EME Aero will be based in Poland, and is expected to become operational in 2020, with a projected workforce of 800 employees. The planned annual capacity is over 400 shop visits of PW1000G-series geared turbofans, which power the Airbus A320neo Family and other aircraft. The partners have raised their forecast for the number of employees and the annual shop visits over the past few months.

The company will be headed up by Project Manager Derrick Siebert (Chief Executive Officer) from Lufthansa Technik and by Dr Uwe Zachau (Chief Operating Officer), his counterpart at MTU Aero Engines. The facility is slated to be up and running in 2020.
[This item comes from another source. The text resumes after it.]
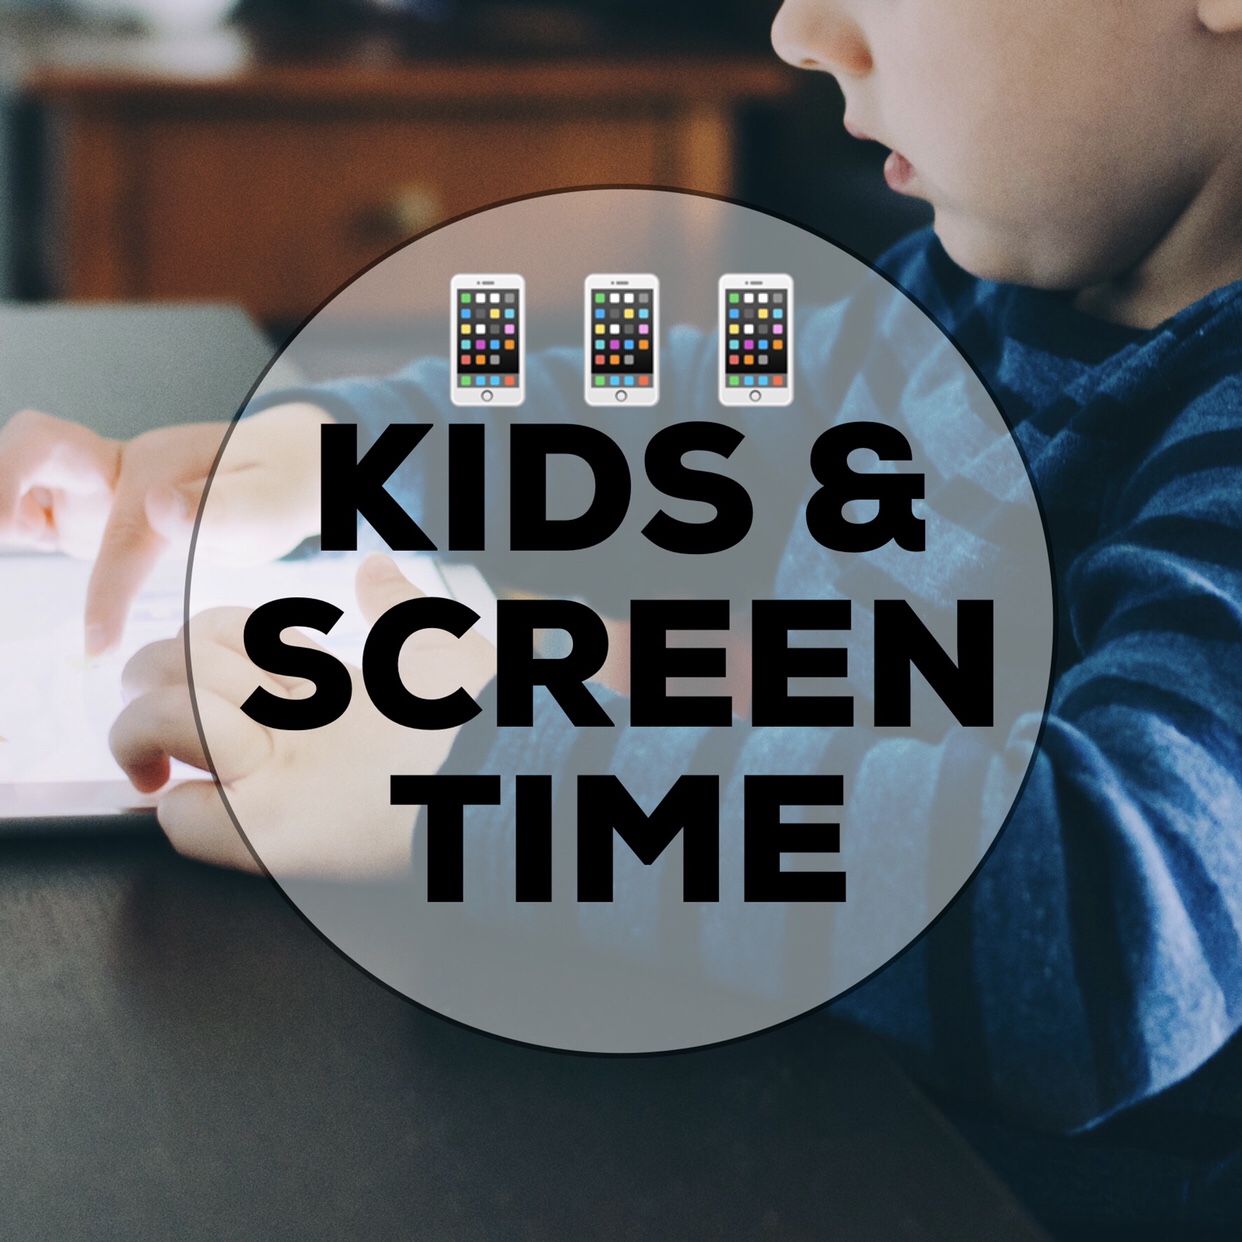 Managing Kids & Screen Time

As part of a deal by Delta Air Lines comprising 100 firm orders and 100 options for Airbus A321neo aircraft, Delta TechOps will become a major MRO provider for the associated Pratt & Whitney Pure Power PW1100G engine. In addition, the PW1500G will be included. This powers the Bombardier C Series, for which Delta has 75 firm orders and 50 options.

Pratt & Whitney has committed to over 5,000 engine repairs and overhauls at the Delta TechOps Technical Operations Center in Atlanta, which will drive significant job creation and significant investments in engine overhaul capabilities, including the first new engine test cell to be built in the US in more than 20 years and expanded engine shop space.


GMF AeroAsia has signed an MoU with the Muan County Office and TWA AERO Limited as the first step in establishing an MRO presence in South Korea. GMF representatives also met with other potential partners and visited South Korean customers.

GMF’s Director of Line Operation, Tazar Marta Kurniawan, says South Korea was chosen as the MRO market is the fourth largest in the region, after China, Japan and Australia. The fleet increased from 180 to 340 in the past 10 years, but while the market is worth $1.5 billion in total, only 46% of work is carried out in the country. In addition, 93% of the aircraft types utilised by South Korean airlines can be maintained by GMF. Following the MoU signing, GMF, TWA AERO Limited and Muan County Office will jointly establish a feasibility study and develop a business model in 1Q18.

GMF has had Korean Civil Aviation Authority approval since 2013 and has several Korean airlines as customers. It recently received an additional approval to perform Airbus A320 Family base maintenance.